There is now a thriving industry in ‘Conversational AI’ and AI-based tools that claim to emulate or analyse talk, but both the study and use of AI within CA is still unusual. While a growing literature is using CA to study social robotics, voice interfaces, and  conversational user experience design (Pelikan & Broth, 2016; Porcheron et al., 2018), few conversation analysts even use digital tools, let alone the statistical and computational methods that underpin conversational AI. Similarly, researchers and developers of conversational AI rarely cite CA research and have only recently become interested in CA as a possible solution to hard problems in natural language processing (NLP). This situation presents an opportunity for mutual engagement between conversational AI and CA (Housley et al., 2019). To prompt a debate on this issue, I will present three projects that combine AI and CA very differently and discusses the implications and possibilities for combined research programmes.

The first project uses a series of single case analyses to explore recordings in which an advanced conversational AI successfully makes appointments over the phone with a human call-taker. The second revisits debates on using automated speech recognition for CA transcription (Moore, 2015) in light of significant recent advances in AI-based speech-to-text, and includes a live demo of ‘Gailbot’, a Jeffersonian automated transcription system. The third project both uses and studies AI in an applied CA context. Using video analysis, it asks how a disabled man and his care worker interact while using AI-based voice interfaces and a co-designed ‘home automation’ system as part of a domestic routine of waking, eating, and personal care. Data are drawn from a corpus of ~500 hours of video data recorded by the participants using a voice-controlled, AI-based ‘smart security camera’ system.

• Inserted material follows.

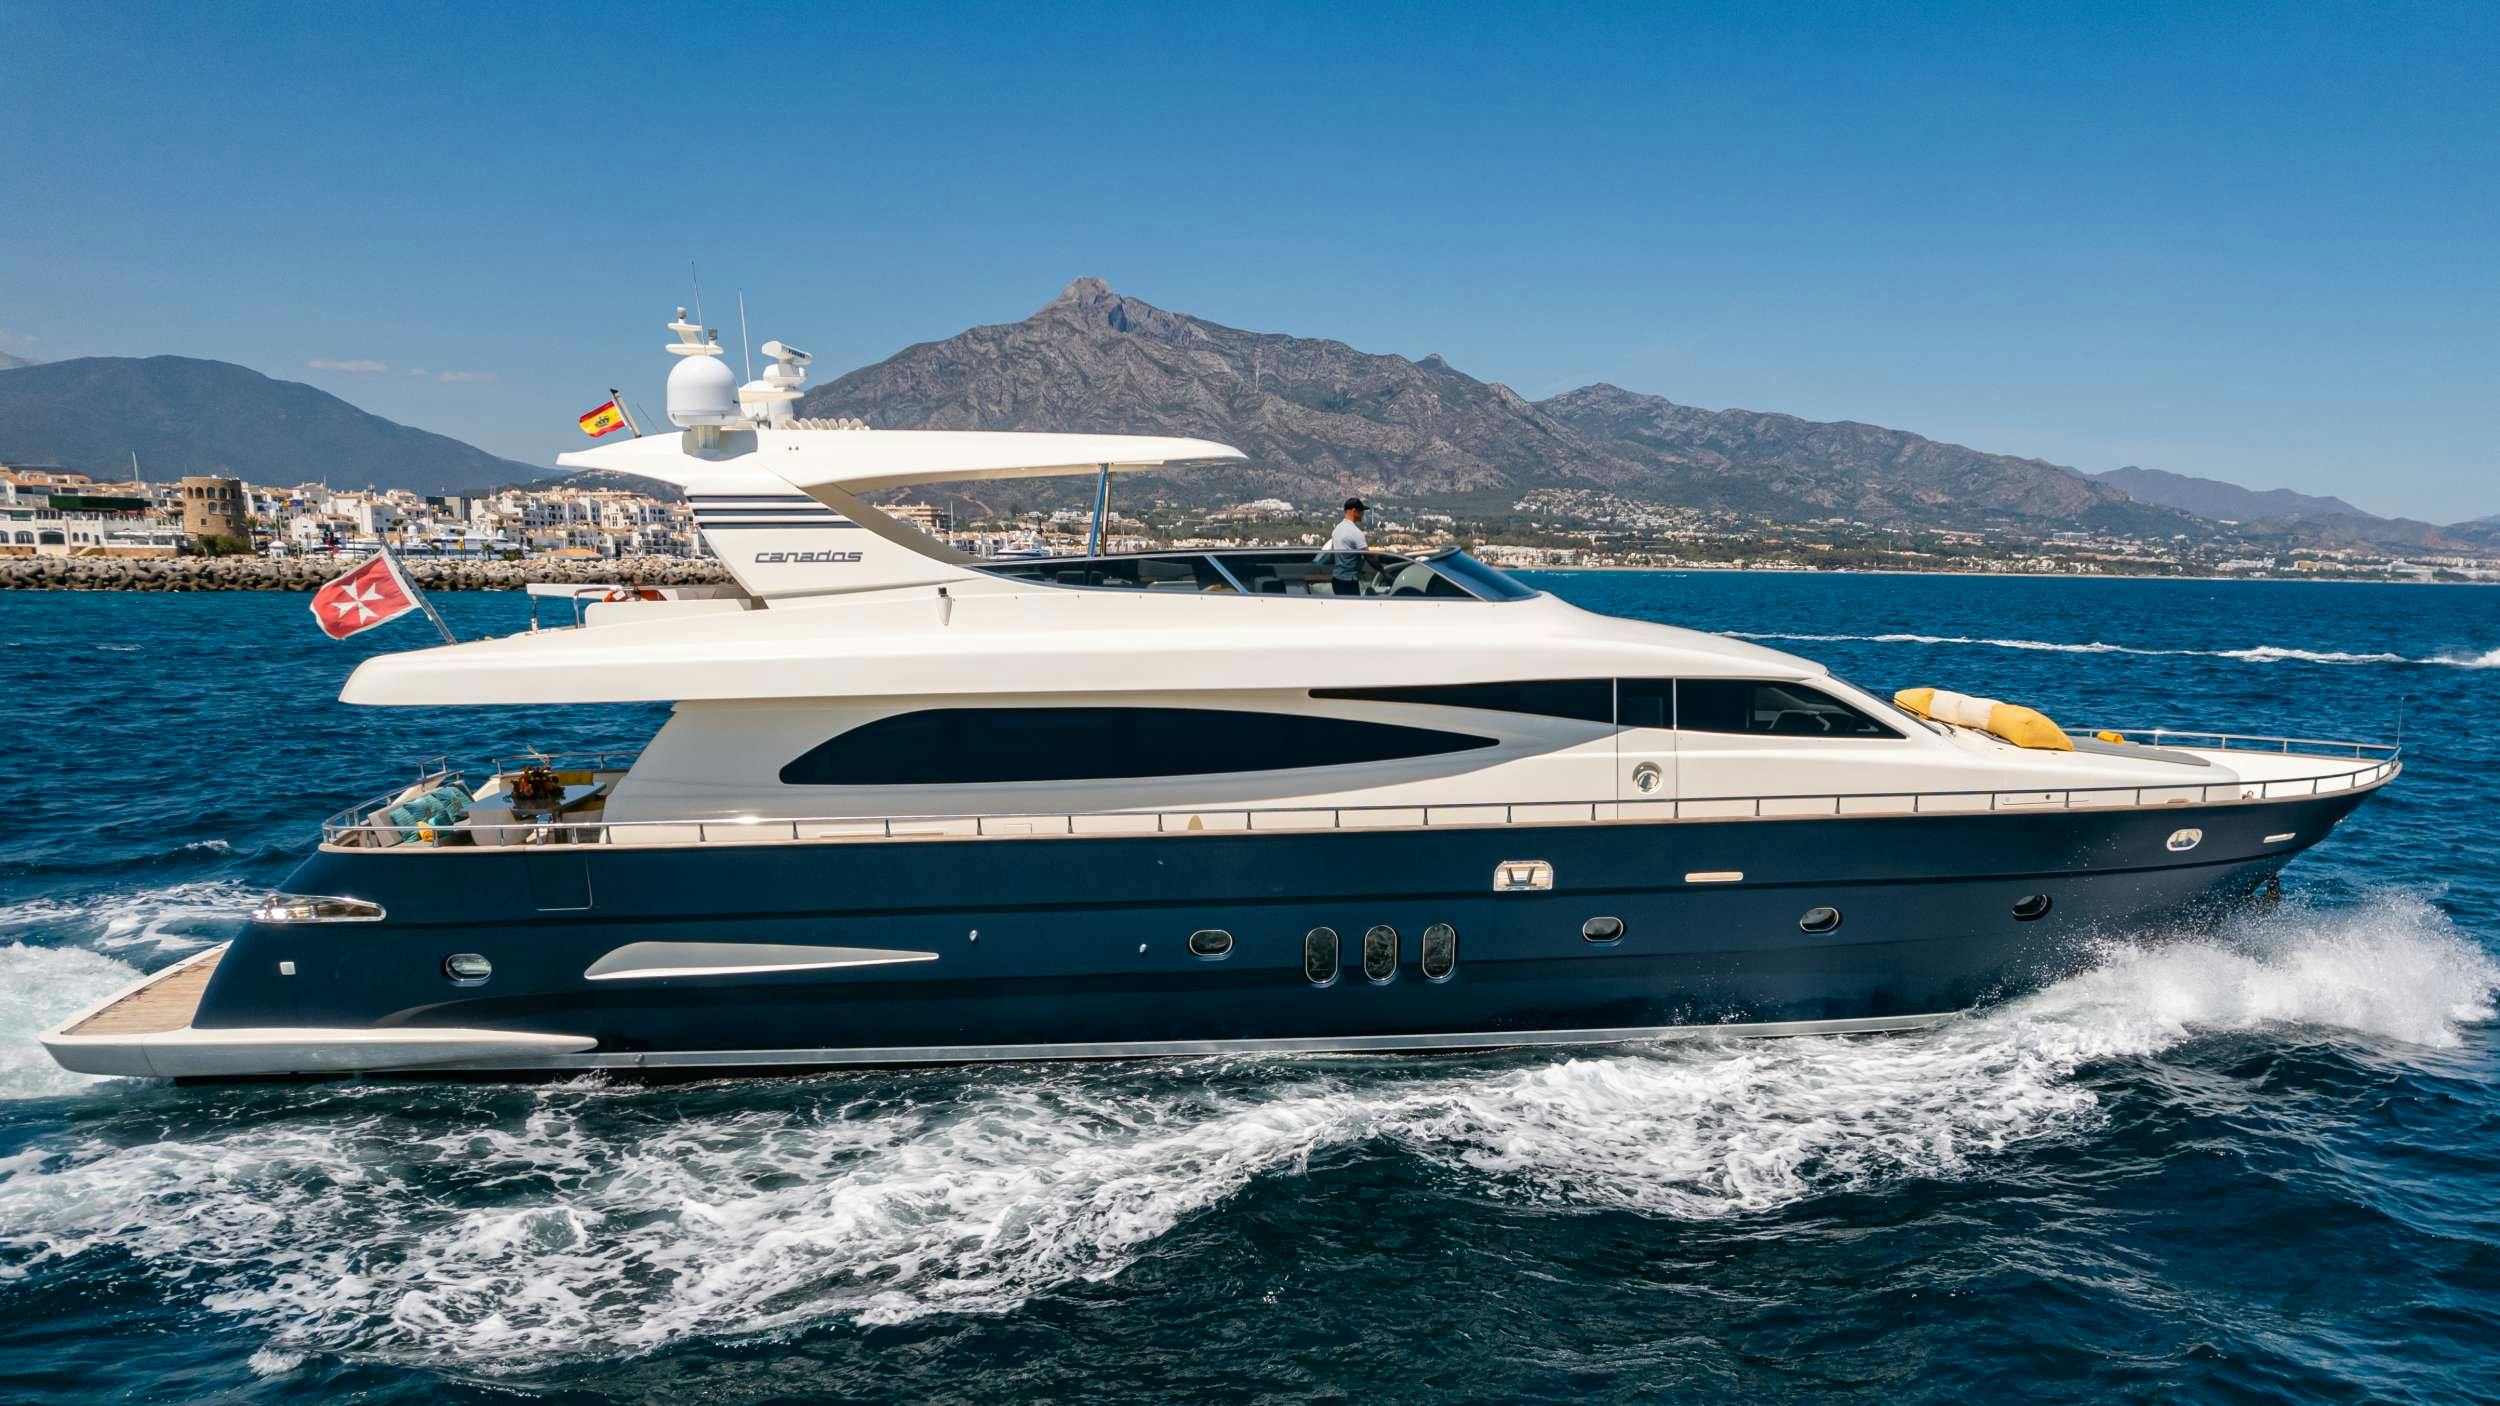 Fourteen - Yacht Charter Mallorca & Boat hire in Balearics & Spain 1

These three examples of CA’s potential interpretations and uses of AI’s ‘talking-and-doing’ machines provide material for a debate about how CA research programmes might conceptualize AI, and use or combine it with CA in a mutually informative way.

References

Housley, W., Albert, S., & Stokoe, E. (2019). Natural Action Processing. Proceedings of the Halfway to the Future Symposium 2019, 1–4. https://doi.org/10.1145/3363384.3363478

Moore, R. J. (2015). Automated Transcription and Conversation Analysis. Research on Language and Social Interaction48(3), 253–270. https://doi.org/10.1080/08351813.2015.1058600

Pelikan, H. R. M., & Broth, M. (2016). Why That Nao? Proceedings of the 2016 CHI Conference on Human Factors in Computing Systems – CHI \textquotesingle16. https://doi.org/10.1145/2858036.2858478

Porcheron, M., Fischer, J. E., Reeves, S., & Sharples, S. (2018). Voice Interfaces in Everyday Life. Proceedings of the 2018 ACM Conference on Human Factors in Computing Systems (CHI’18).

Sacks, H. (1963). Sociological description. Berkeley Journal of Sociology, 1–16.

Saul Albert

Saul Albert is a lecturer in social sciences (social psychology) at Loughborough University. From 2016-2018, he was a postdoctoral associate at the Human Interaction Lab, working between psychology and computer science at Tufts University. His (2017) Ph.D was in Cognitive Science at Queen Mary, University of London’s Media and Arts Technology programme. Saul’s background is in the arts, where he worked in participatory culture, science and technology, co-founding The People Speak Network in 2006 to host open conversations in public spaces.